Вид на приют
Шелтер, турвакоти (от финского turva – защита и koti – дом) или попросту приют, – так называли мы убежище, предоставляемое некой добродетельной организацией женщинам, спасающимся от домашнего насилия. Окруженный со всех сторон вековыми соснами, он казался своего рода оазисом человеческой цивилизации среди дикого буйства природы. Подобное впечатление, конечно, было обманчивым. Таких «оазисов» здесь было немало. Эта любовь финского народа к уединению, к созерцанию природы выражалась в том, что часто, прогуливаясь по небольшим лесам и рощам можно было наткнуться на красный деревянный домик с белыми оконными рамами. Отсутствие домиков могло означать только то, что перед вами настоящий дремучий лес. Однако, чтобы в этом убедиться, нужно было непременно обойти его весь вдоль и поперек. Такого рода уединенные поселения чем-то напоминали отшельничью избушку на курьих ножках из сказки про бабу Ягу. Конечно, никакой бабы Яги в Скандинавских лесах не было. Для поиска таковой, пожалуй, стоило бы исследовать родные ей славянские леса. А вот жители в подобных оазисах бывали разные. Случалось, мы подходили слишком близко, нарушали их взлелеянное privacy, тогда они прогоняли нас и грозились вызвать полицию, что, конечно, было весьма призрачной угрозой, учитывая уединенность места расположения их «избушек». Однако бывало и наоборот, и заклинание «избушка-избушка, повернись ко мне передом, к лесу задом» действовало неожиданным волшебным образом. Тогда можно было перекинуться несколькими словами с пожилой хозяйкой и нарвать яблок в ее саду. Ах, что это были за яблоки!

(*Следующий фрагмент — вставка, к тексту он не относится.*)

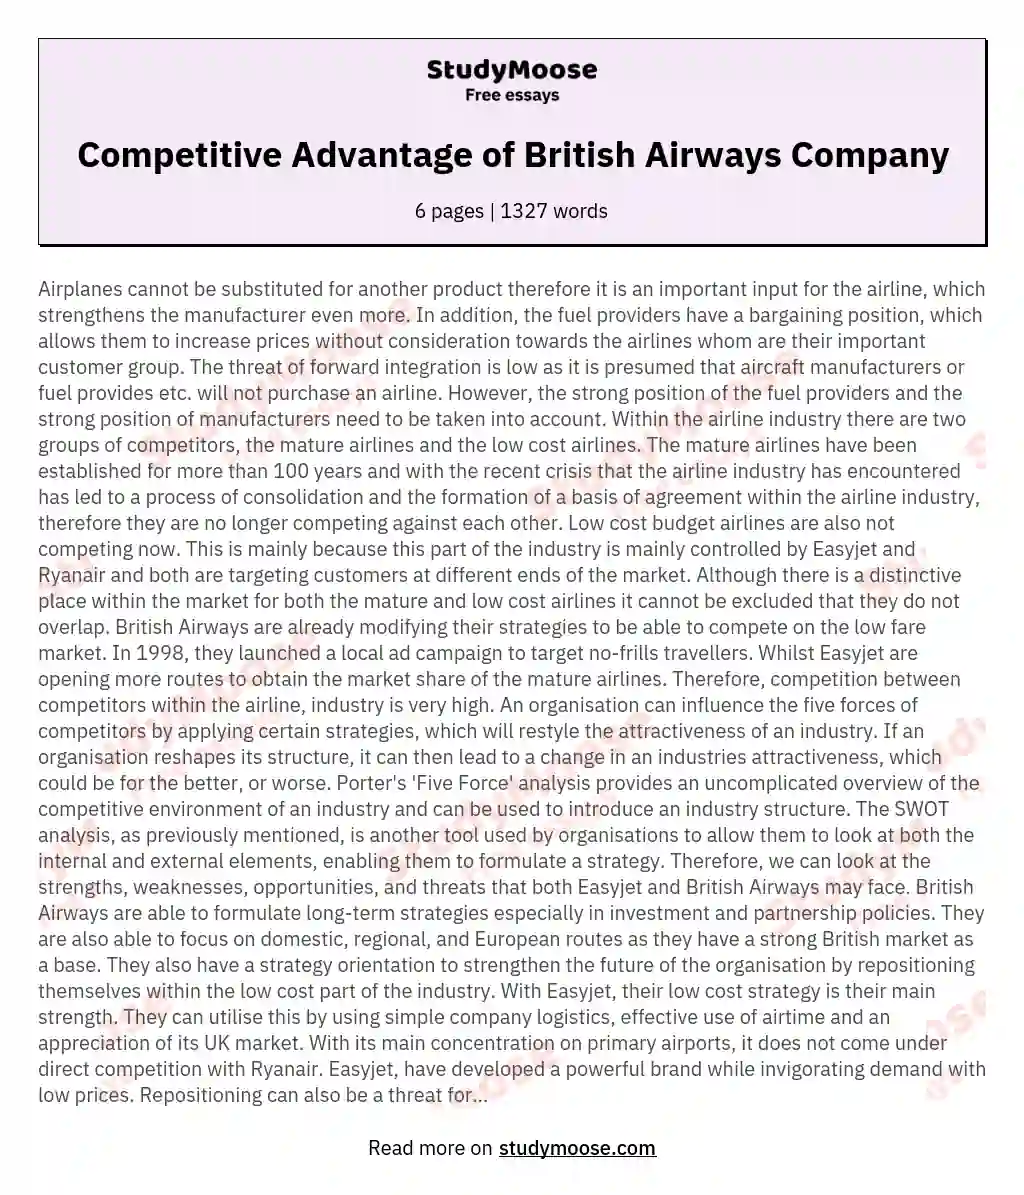 Competitive Advantage of British Airways Company essay
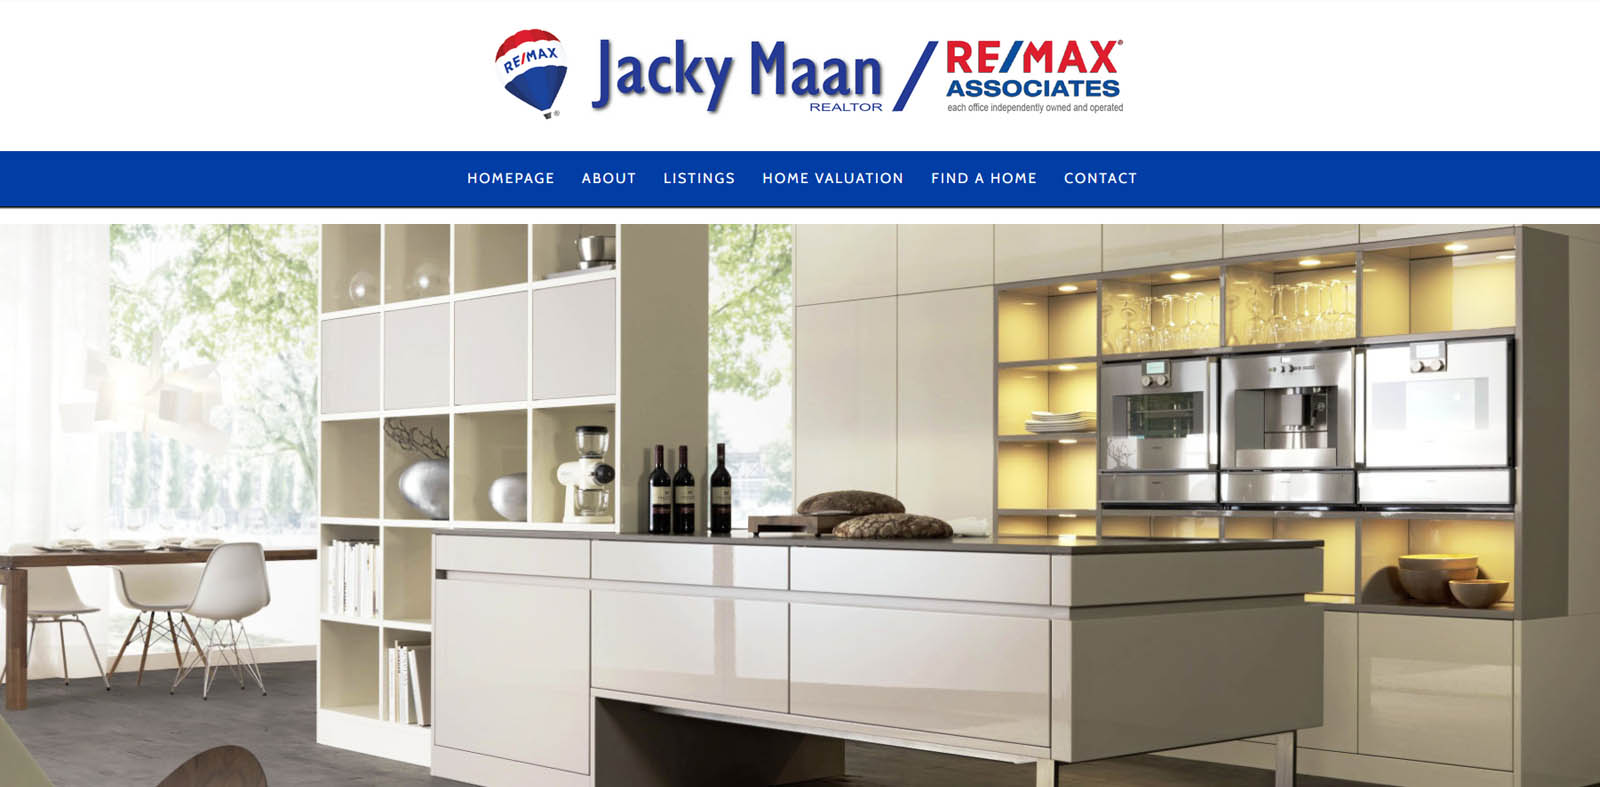 Jacky Maan Real Estate

Однако вернемся к нашему повествованию. Итак, женский приют по защите от домашнего насилия находился в самом центре небольшого сосняка. К нему вела широкая подъездная дорога, начинающаяся у скоростной трассы, ведущей к столице сего северного края. Эта дорога, или скорее широко протоптанная и заезженная машинами тропа, зимой замерзала толстым белым льдом, по которому иначе, чем утиным шагом было не пройти. Каждое утро работники посыпали ее толстым слоем песка, а к вечеру от него не оставалось и следа. Рядом с приютом была небольшая детская площадка, сделанная, как это принято у финнов, из подручных материалов. Своего рода безотходное производство, когда старые резиновые покрышки превращают в разноцветные качалки для детей, а ненужные пластиковые трубы – в некое подобие паутины. Такое часто можно было встретить и в стране Советов. Полезная практика, правда, быстро забылась после развала союза дружественных республик, как и многое другое. Ведь это давно известный в психологии факт, что мы склонны запоминать плохое больше, чем хорошее. Но сейчас не об этом. Шелтер этот самый был сродни женскому монастырю. Мужчинам запрещалось приближаться к нему более, чем на двадцать метров, что в принципе означало, не отходить от дороги или, на худой конец, от маленькой парковки, примыкающей к дороге и врезающейся в густую стену сосняка.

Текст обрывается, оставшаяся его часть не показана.